An all-you-can-eat menu rather than a buffet with the food sitting out – that is the appeal of Sai Gon and what makes it stand out.
With visitors staying with me and more hungry mouths to feed it seemed like the right option and saved any worries about differing tastes.
If you haven’t visited the Crown Terrace eatery there’s a large amount of dishes on offer and unlike other popular buffet restaurants, the grub is all cooked to order as you peruse the menu until you’re fit to burst for £22.80 per person.
For appetisers we started as we meant to go on with quite arguably too much food.
We opt for the Imperial Hors D’Oeuvres for three – a posh name for a sharing platter essentially.
The plate came with crab claw, Vietnamese spring roll, barbecued spare rib, chicken satay skewers and seaweed.
I wasn’t impressed with the ribs if I was honest – although my two dining companions for the evening had no complaints – they were a bit dry and lacked any real meat for my liking.
However, everything else on the plate was delicious.
The seaweed and satay skewers were the particular stars of the dish.
Along with the platter we also opted for some smoked corn chicken – which boasted of being a popular house special on the menu.
It was pretty easy to see why this dish would be popular with customers.
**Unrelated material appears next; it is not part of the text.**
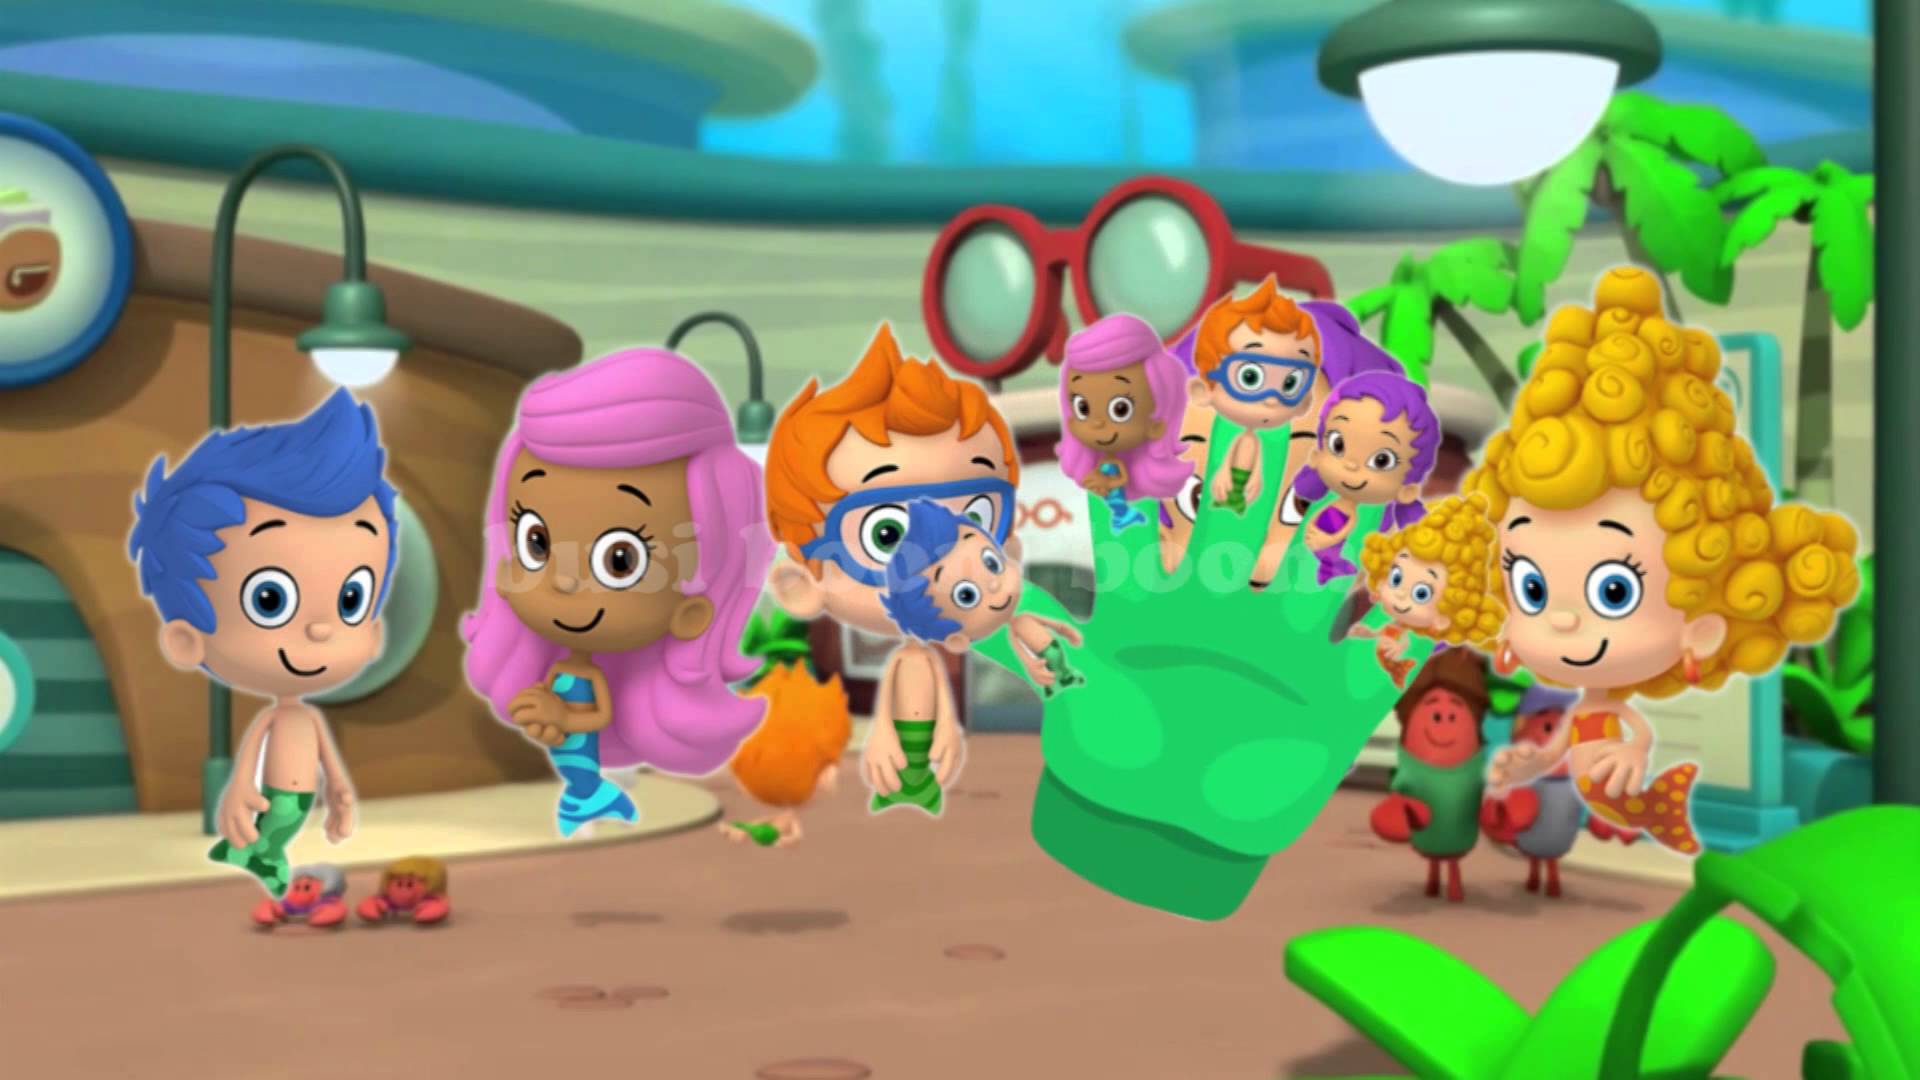 Bubble Guppies Finger Family Nursery Rhyme.

It was packed with flavour and very moreish, in fact we’d soon torn through two plates of the stuff.
Some elegant prawns – deep fried king prawns in the shape of a butterfly – and prawn toast also made an appearance at the table before we graduated on to the main courses.
Both followed on from where the platter had left off in terms of taste.
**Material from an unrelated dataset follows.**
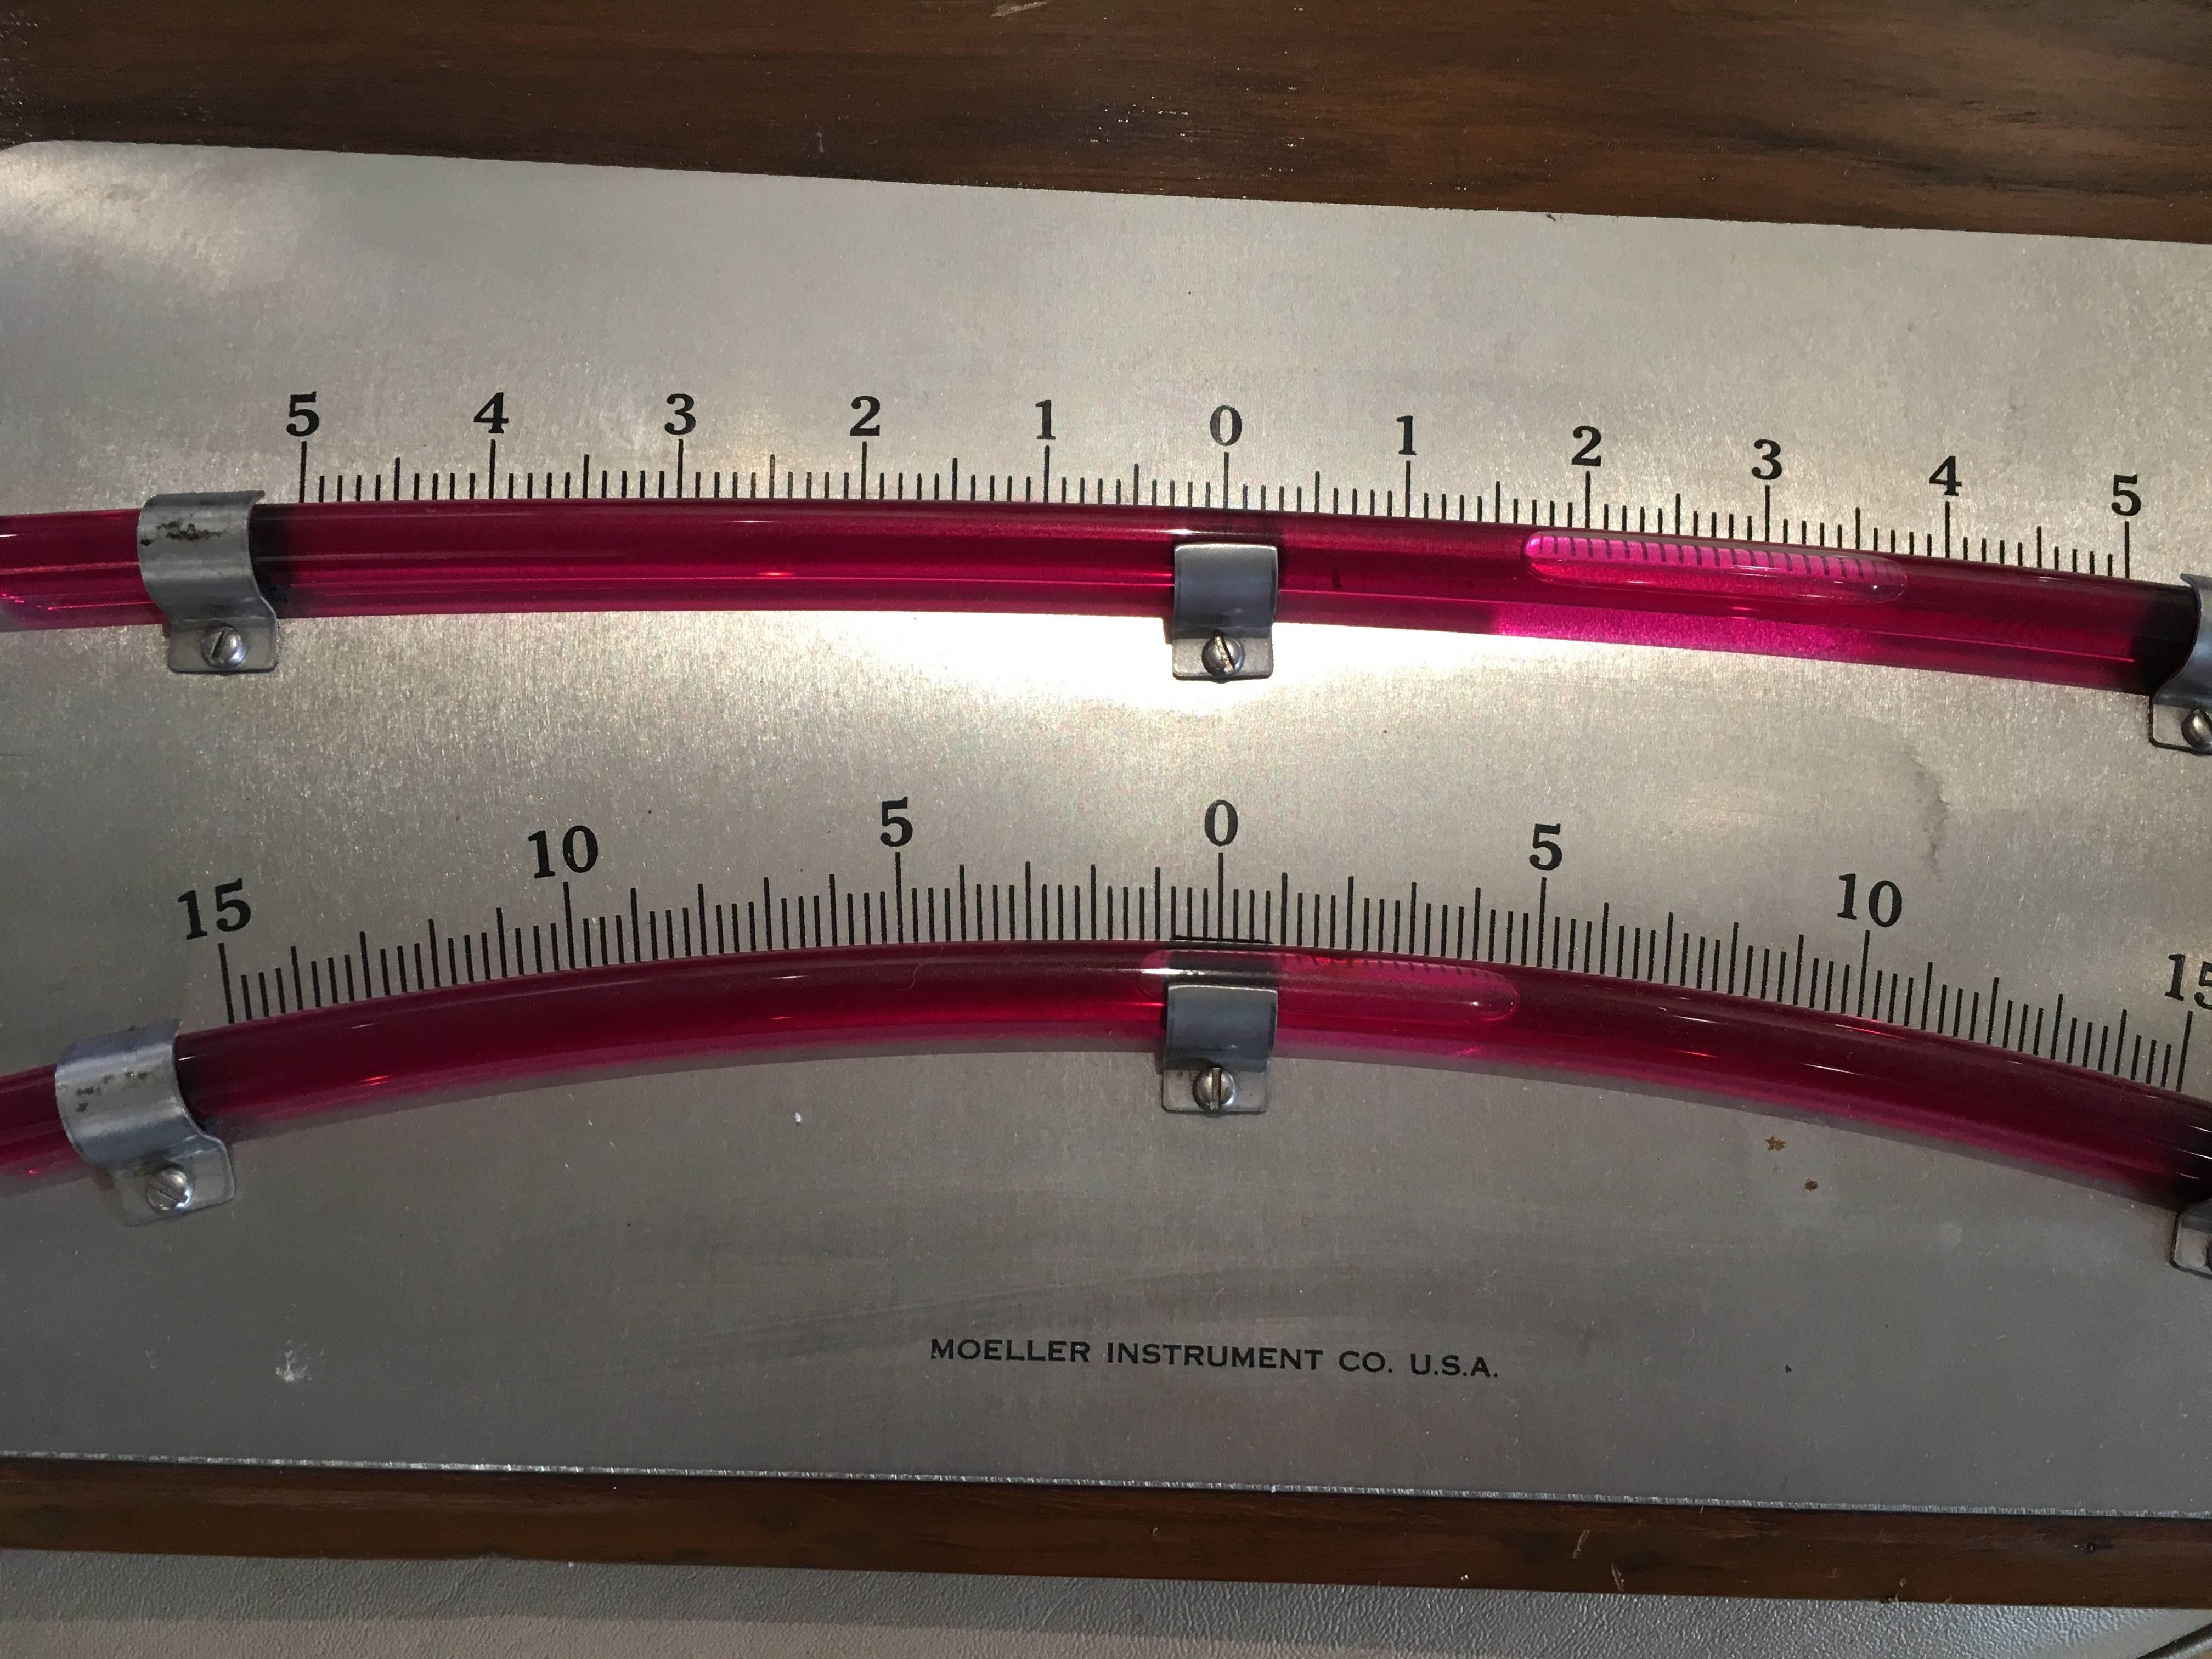 A double gauge bubble clinometer with precision glass tubing and nickel face mounted on a teak back plate. These tilt gauges were used on vessels to measure the angular slant of the ship. The readings are important when heeling underway, and also

My compadres detoured onto the crispy aromatic duck next and with a plentiful supply of wraps and sauce were delighted with the offering.
Still unable, at the age of 31, to bring myself to consume a cute wee duck, I punted for the chicken and sweetcorn soup to plug the gap.
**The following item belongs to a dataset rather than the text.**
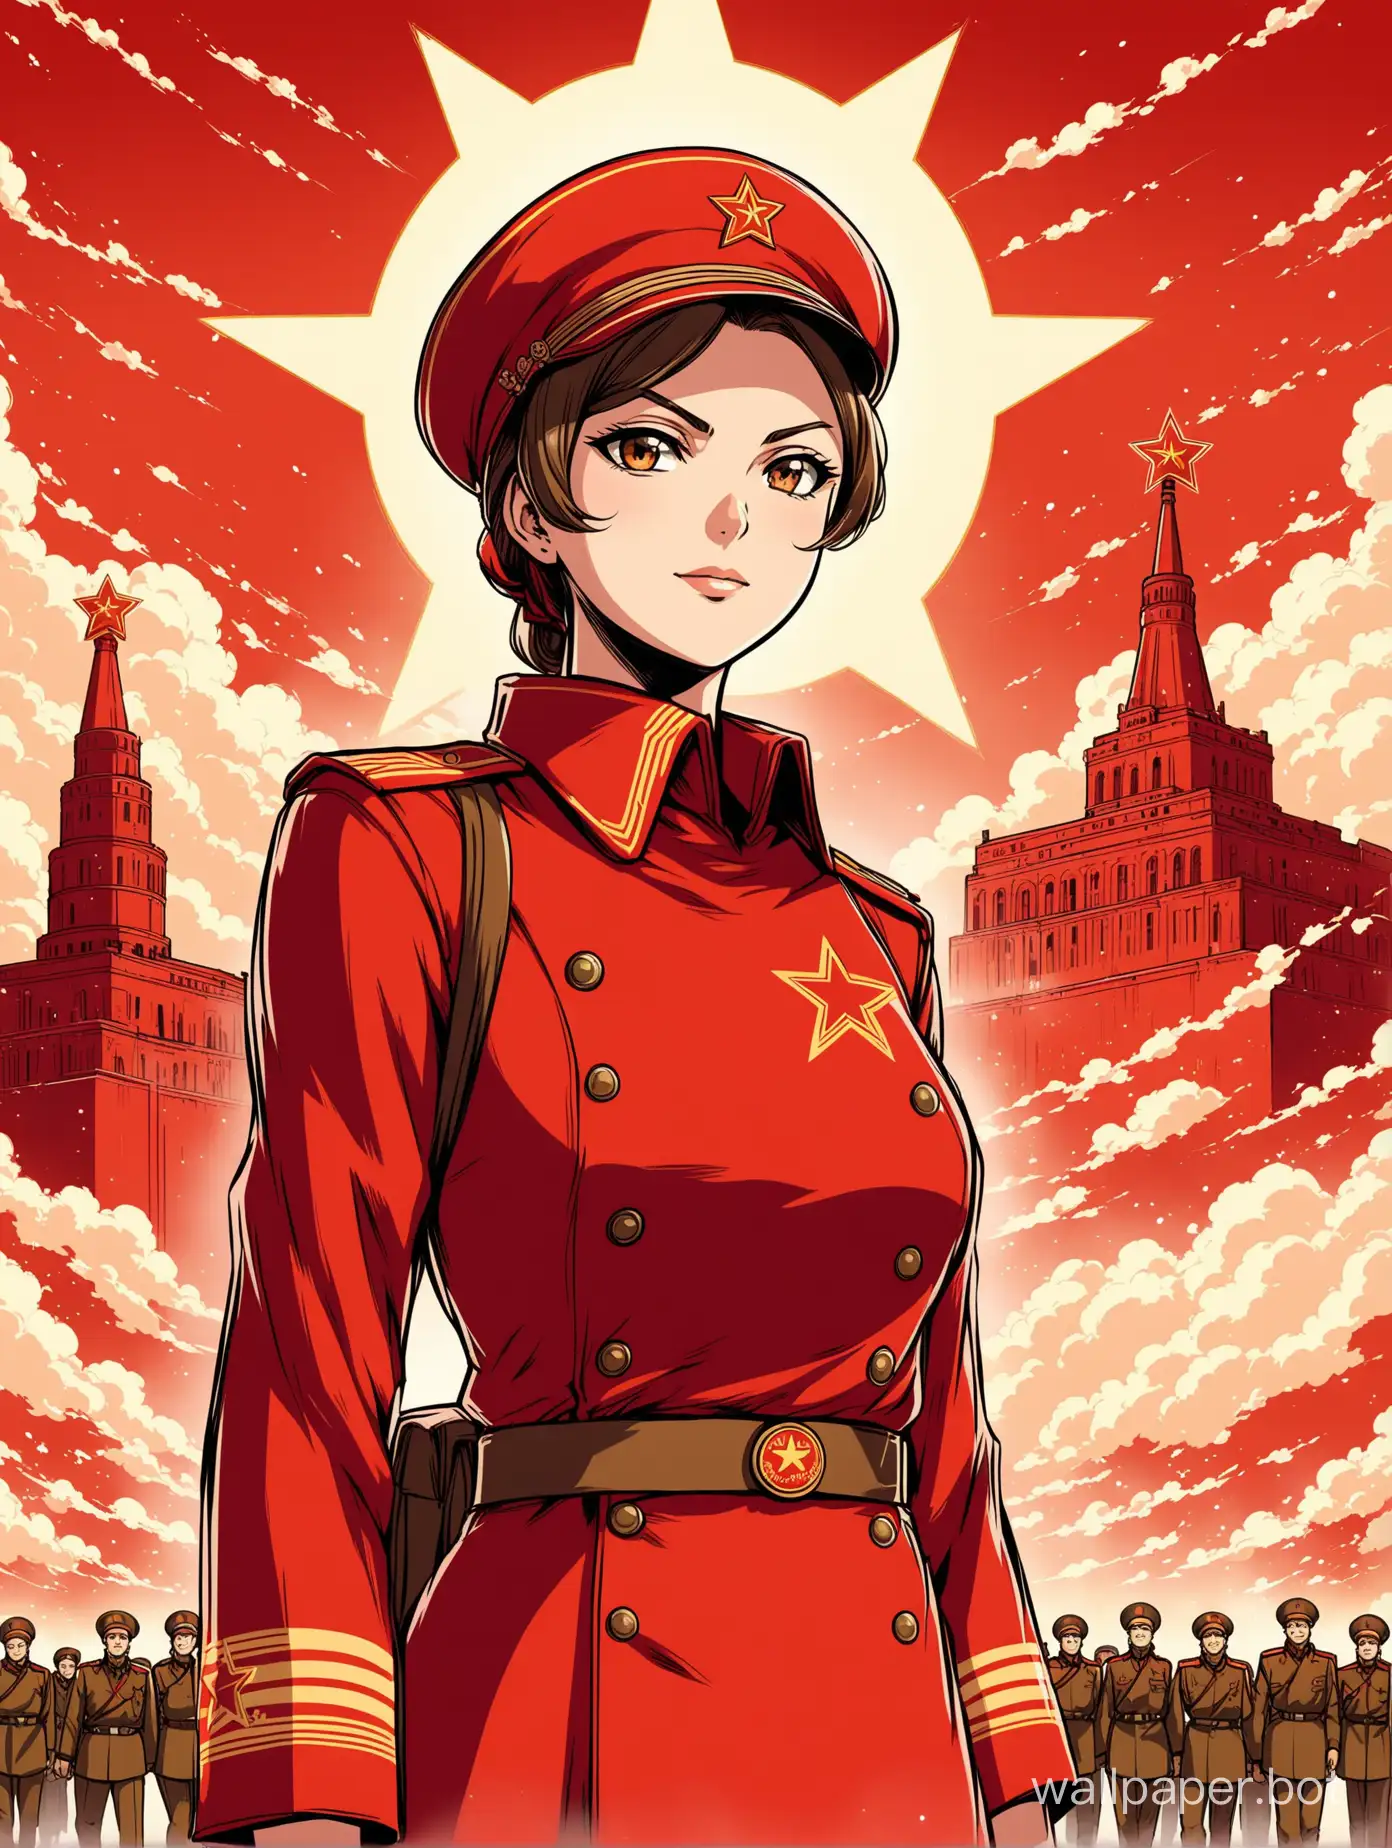 USSR in anime style

For mains we decided to share a mixture of dishes.
Crispy chilli beef and fried mussels in black bean sauce were the first two to appear.
Both dishes hit the spot perfectly. The third portion to appear was Thit Bo Na Ua – which to non-Vietnamese speakers like myself is fried beef fillet with pineapple and cashew nuts. Again there were absolutely no complaints here – the beef as flavoursome and tender and the dish had a lovely zingy, fresh flavour to it.
On the side we opted for fried noodles and egg fried rice.
For an obscene amount of good quality food and with the addition of drinks the bill still came in at under £80 – which isn’t bad all things considered.
There are definitely cheaper all-you-can-eat oriental restaurants in Aberdeen, but I’d argue for the most part they don’t offer the same quality or choice that Sai Gon does.
Staff are friendly and seem genuinely happy to see you.
The restaurant itself is a bit worn and some people may question the musical choices, which during our visit included Billy Joel, Bon Jovi and panpipe versions of Boyzone hits – for the record I have no problem with this – but it in no way detracts from the quality of food or service on offer at this wee Vietnamese gem in the city centre.